Since when is a payroll tax holiday responsible? Since Alice said so.
A payroll tax holiday could give a short-term boost to the economy, while other parts of Alice Rivlin's plan would raise revenue.
I have to admit that when I first heard about the payroll tax holiday part of the Rivlin-Domenici (Bipartisan Policy Center) deficit reduction package, I gasped with disbelief and said “what?!” Nearly $700 billion in deficit-financed tax cuts in one year is part of a plan to get back to fiscal sustainability?
But then I saw the other tax policy components of the BPC plan, including the thorough and progressive pruning of tax expenditures and the add-on consumption-based tax, and I realized: this is certainly not a plan that shies away from the need to raise more revenue.
Here are a few reasons why I think the payroll tax holiday actually adds to the level of “fiscal responsibility” encouraged by the overall BPC plan:
- A payroll tax holiday is one of the most effective types of tax cuts (and fiscal policy in general) in providing short-term fiscal stimulus (increasing demand for goods and services, creating or saving jobs); the Congressional Budget Office estimates it has a high economic “bang per buck” because it follows the “three Ts” well: it’s timely, (well) targeted, and temporary.
- We know we’re going to continue to do lots of deficit spending over the next year or two. When the economy is in no shape to call for deficit reduction, we can still promote “fiscally-responsible” policies by making sure we get the most benefit for the amount of deficit spending that we do. That means we should be substituting high bang-per-buck policies for low bang-per-buck ones wherever we can–rather than just throwing more bucks at any old deficit-financed policies.
- The full (employer and employee) payroll tax holiday wouldn’t just have high bang per buck; it spends really big bucks, so it would presumably have a really “big bang.” It would make any proposed extension of the Bush tax cuts in the name of stimulus look downright wimpy. Perhaps it would take away that excuse from the policymakers (including President Obama) for their obsession over the Bush/Obama tax cuts.
- But meanwhile, the longer-term cost of extension of the Bush tax cuts is far larger than the one-year cost of the payroll tax holiday, and we all know how hard it is for politicians to let go of the Bush tax cuts, so extension of the Bush tax cuts (for any reason and over any period of time) looks fiscally irresponsible relative to the one-year payroll tax holiday.
- In other words, my fantasy is that this flashy and fresh payroll tax holiday proposal might steal the show and bump the (temporary or permanent) extension of the Bush tax cuts off of the legislative stage. (Yes, I know this would have to happen very soon.) Taking the Bush tax cuts out (for good) would be a very fiscally responsible outcome.
- Finally, having this large, deficit-financed proposal within the BPC’s overall deficit reduction package is a strong preemptive strike against critics who like to automatically dismiss fiscal consolidation proposals as out of touch with the reality of the currently fragile economy.
Bruce Bartlett is not so fond of this payroll tax holiday idea, because he doesn’t believe it would really be just temporary:
I just want to ask one question: What are the odds that Republicans will ever allow this one-year tax holiday to expire?
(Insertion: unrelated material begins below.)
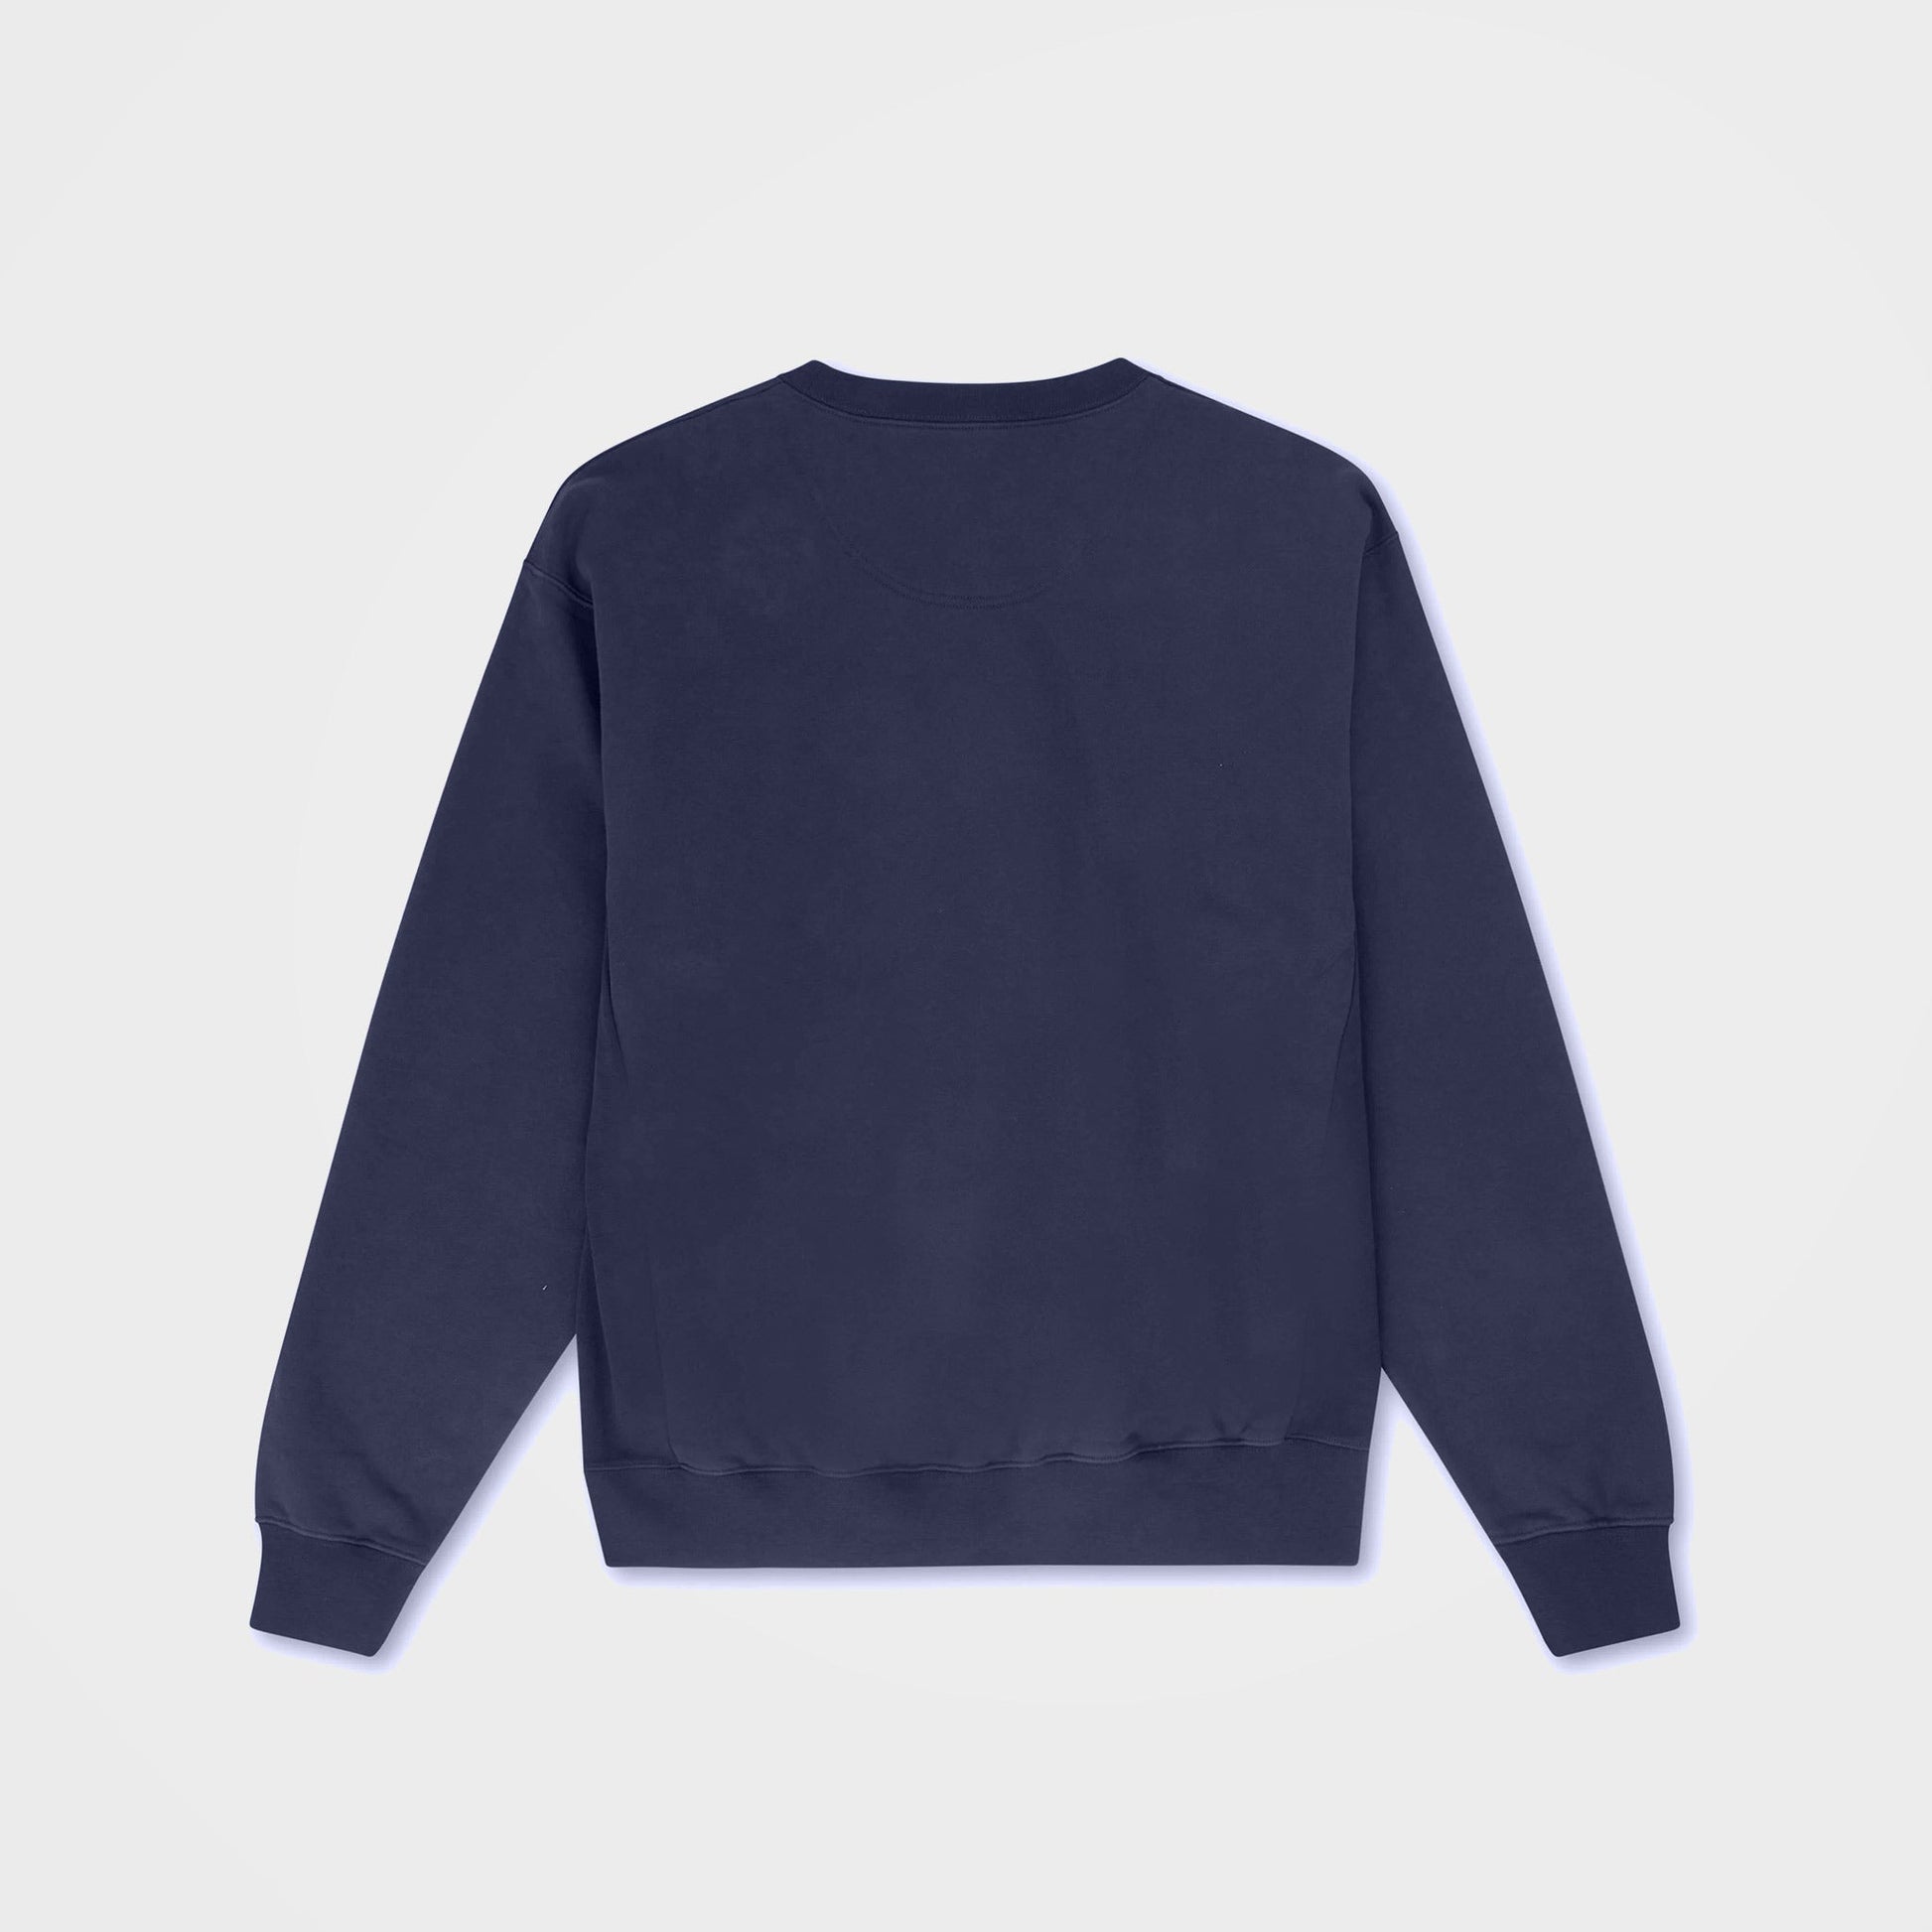 Navy Organic Cotton Sweatshirt by 7Days Acitve

They wrote the Bush tax cuts with explicit expiration dates and then when it came time for the law they wrote to take effect exactly as they wrote it, they said any failure to extend them permanently would constitute the biggest tax increase in history. Sadly, Obama allowed himself to fall into the Republican trap, but that’s another story. My point is that if allowing the Bush tax cuts to expire is the biggest tax increase in history, one that Republicans claim would decimate a still-fragile economy, then surely expiration of a payroll tax holiday would also constitute a massive tax increase on the working people of America. And what are the odds that the economy won’t still be fragile a year from now? Zero, I would say.
But I am generally a more cheery person than Bruce, so I have two simple reasons why I’m more optimistic about the payroll tax holiday being a truly temporary policy: (1) it’s so much more obviously a temporary proposal, because it’s labeled a “holiday” after all, and it’s too big to be imagined in any more than a one-year chunk; and (2) if such a “big bang” of this highly-stimulative tax cut were put in place, we really wouldn’t need any more stimulus beyond the first year.
Who would have thought I’d find a large deficit-financed tax cut to be one of the most intriguing and promising ways to promote fiscal responsibility?